Everyone knows how difficult it is to reduce the defense budget. President Reagan doesn't believe that money spent on weapons is real money or should be counted in the national deficit. We have a secretary of defense who has rarely met a weapon he didn't like.

But the blame doesn't stop there. Congress wails about deficits, vows to make cuts, but can never bring itself to kill weapons programs. Congress is against capital punishment when it comes to Pentagon hardware.

The problem is illustrated by what the Senate Armed Services Committee did recently about the Divad (division air defense) gun called the Sgt. York. The committee gave the administration $256 million less than it requested, but still approved $150 million for fiscal 1986 for the gun.

The Divad is one of the Pentagon's major embarrassments. Its mission is to shoot down helicopters and other aircraft over a battlefield, but its range may be less than that of some weapons carried by attacking Soviet choppers. The Pentagon, which never admits defeat even at the most glaring of weapons Dunkirks, is planning to graft a Stinger missile onto the hapless Divad.

The Sgt. York may be crying out for a mercy killing, but Congress can't bring itself to pull the plug.

Congress rationalizes that it is cheaper in the long run to keep funding turkeys because ending them involves the payment of "penalty" or "termination" fees to defense contractors, the exact amount of which is classified information. Knowing what it does about General Dynamics' billing practices, it may be right.

Even with a cut of 3 percent in the $313.7 billion Reagan budget request, 1986's defense spending would be $19 billion over 1985's.

Bad as it is, it is going to get worse. This somber information comes from Gordon Adams of the Center on Budget and Policy Priorities, who for the past five years has studied defense spending. He is the author of "The Iron Triangle," an analysis of the unspoken conspiracy among the Pentagon, defense contractors and Congress to keep the defense budget growing.

Adams has created considerable chagrin in the Pentagon. Last year, he wrote a report called "Nuts and Bolts at the Pentagon: a Spare Parts Catalogue" and at the publication news conference invited a prominent local hardware store magnate, John D. Hechinger, as an expert witness. Hechinger said the Pentagon could have bought an Allen wrench for 25 cents at his store. The Pentagon managed to lay out $9,600 for one.

Cost overruns, which come from a systematic underestimation of the price of elaborate weapons systems, are an old story. The "backlog" of appropriated but unspent or unobligated funds is another -- the backlog is estimated to rise from $92 billion in 1980 to $280 billion in 1986. Yet, presidents get 95 percent of what they seek for the Pentagon.

Since taking office, Reagan has launched an unprecedented peacetime military buildup, with no end in sight. And his is what Adams calls "a weapons-driven budget." Fifty percent of the 1986 budget will go for weapons. Funds for operation and maintenance, which used to be 32 percent, have dropped to 25 percent.

The money for all that hardware is virtually locked in for years to come.

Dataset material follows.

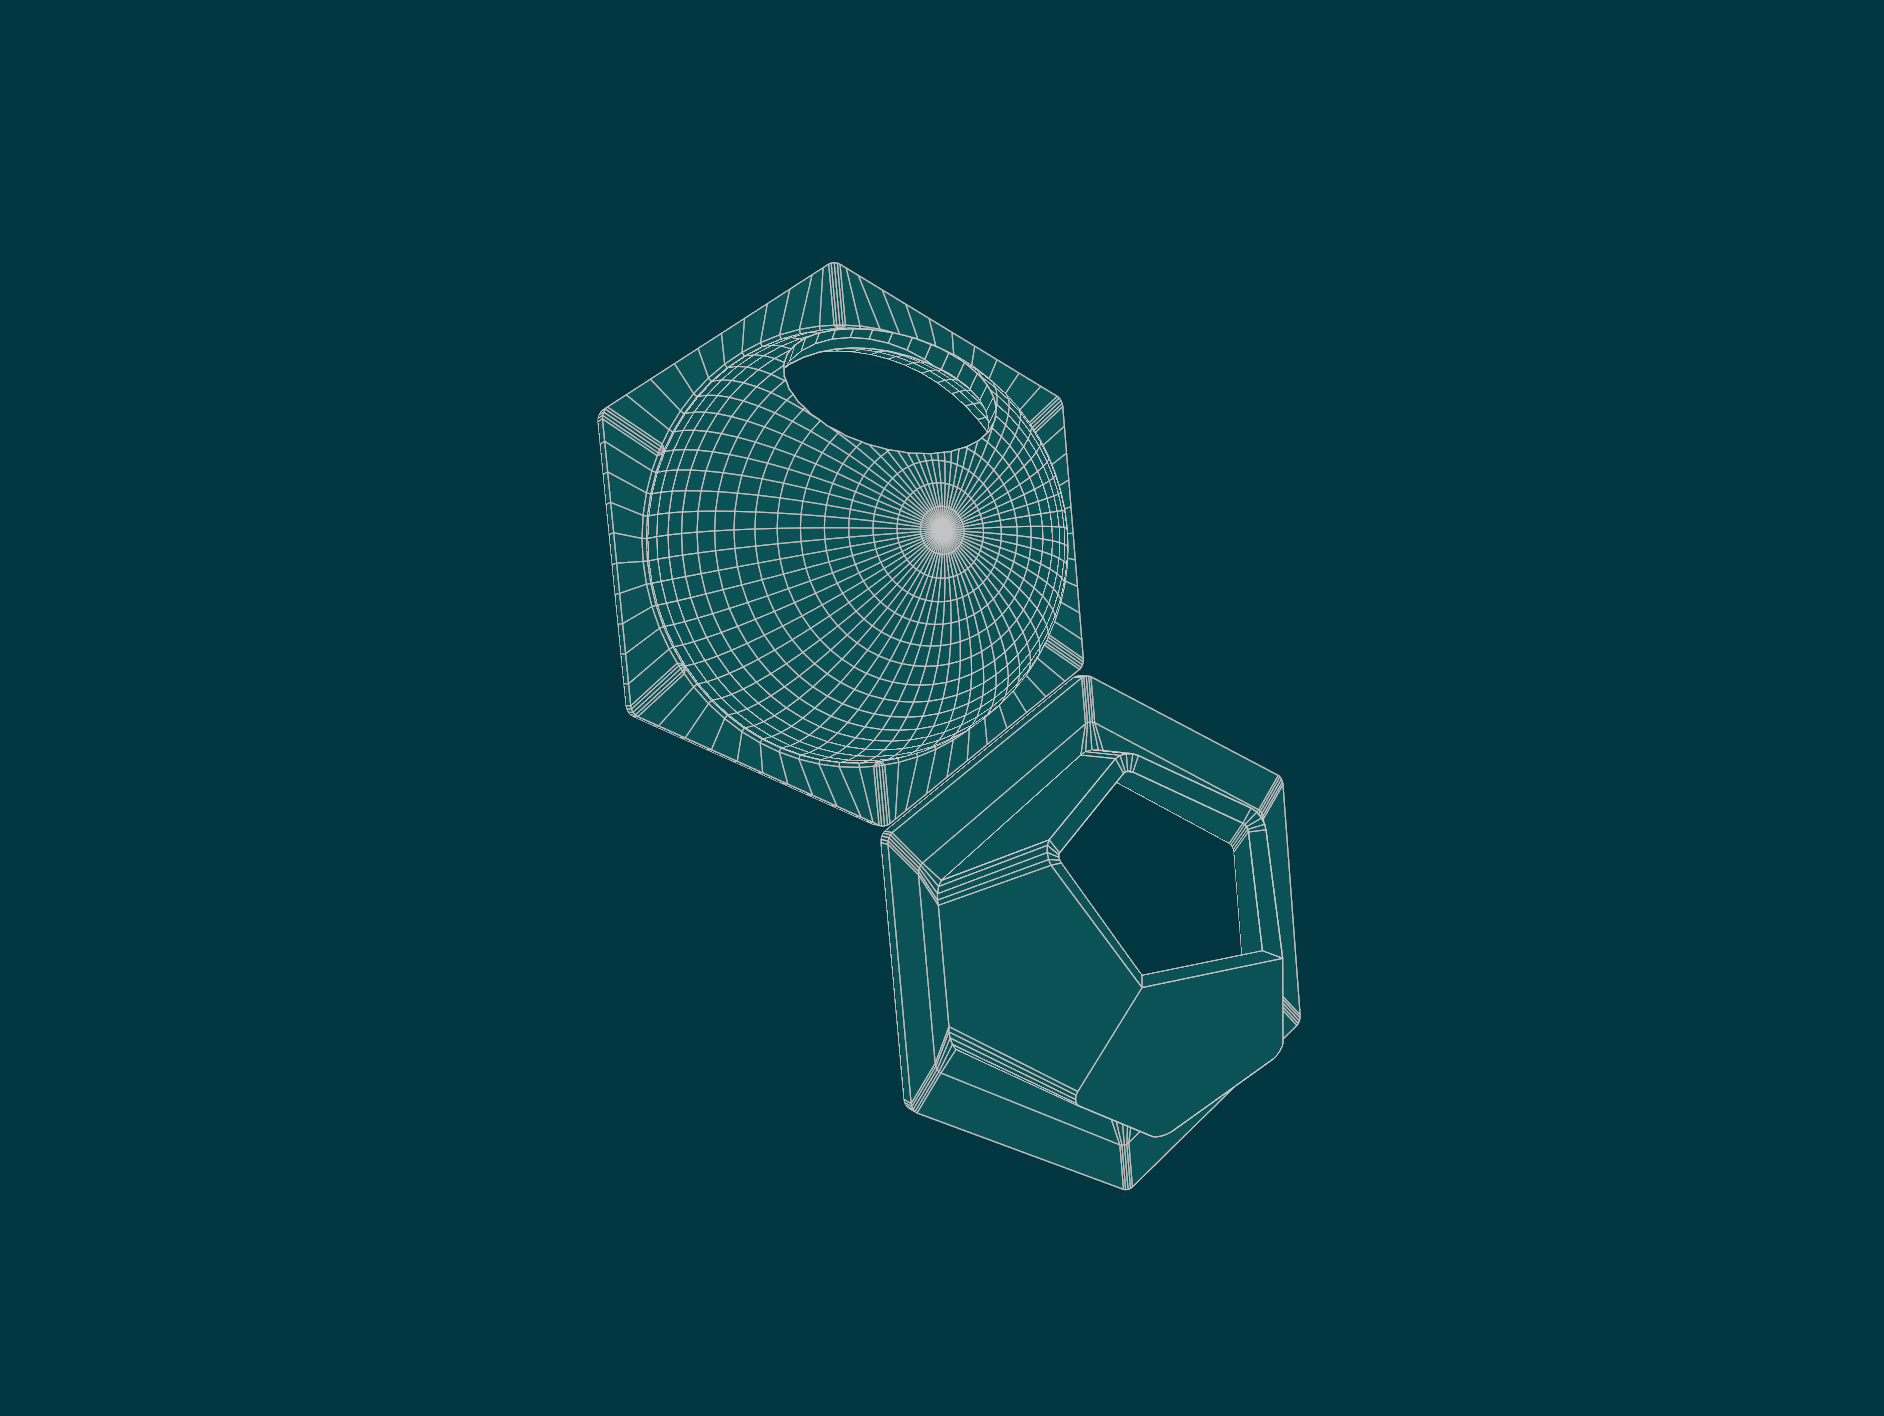 WALL_PLANT_01.png Download free STL file Wall Plantations • 3D printing object, JosephKerr

The situation is such that a new president, even say one of the George McGovern school of defense spending, couldn't do much about it. Adams estimates that by 1989, 85 percent of the the defense budget will be untouchable.

The effect on social spending is predictable. Cruel choices will become more cruel. We face more hideous economies, victimizing the least fortunate.

The president wants to take away free mailing privileges from the blind, something they have enjoyed for 81 years. He proposes, in the interests of cutting the deficit, to take the $38 million cost of sending large Braille books through the mail out of the budget and turn it over to the U.S. Postal Service, which would have to deal with it by increasing postal rates again. The sum involved is less than a quarter of the consolation money bestowed on the worthless Sgt. York, but such are the priorities when weapons matter most.

Pentagon spending has long been out of control. Adams' point is that it is also uncontrollable. And why does the public put up with it?

Adams thinks it's because the ordinary citizen, once he gets beyond the $9,600 Allen wrench and the $718 pliers, feels cowed by the hi-tech jargon of the Pentagon priests, is silenced by the incantation of the magic words "national security" and, like Congress, is often moved by self-interest. Defense contracts, however extravagant, mean jobs and money. The most preposterous weapons acquire constituencies, as the momentum of "Star Wars" attests.

Maybe Pogo's dictum applies: "We have met the enemy and he is us."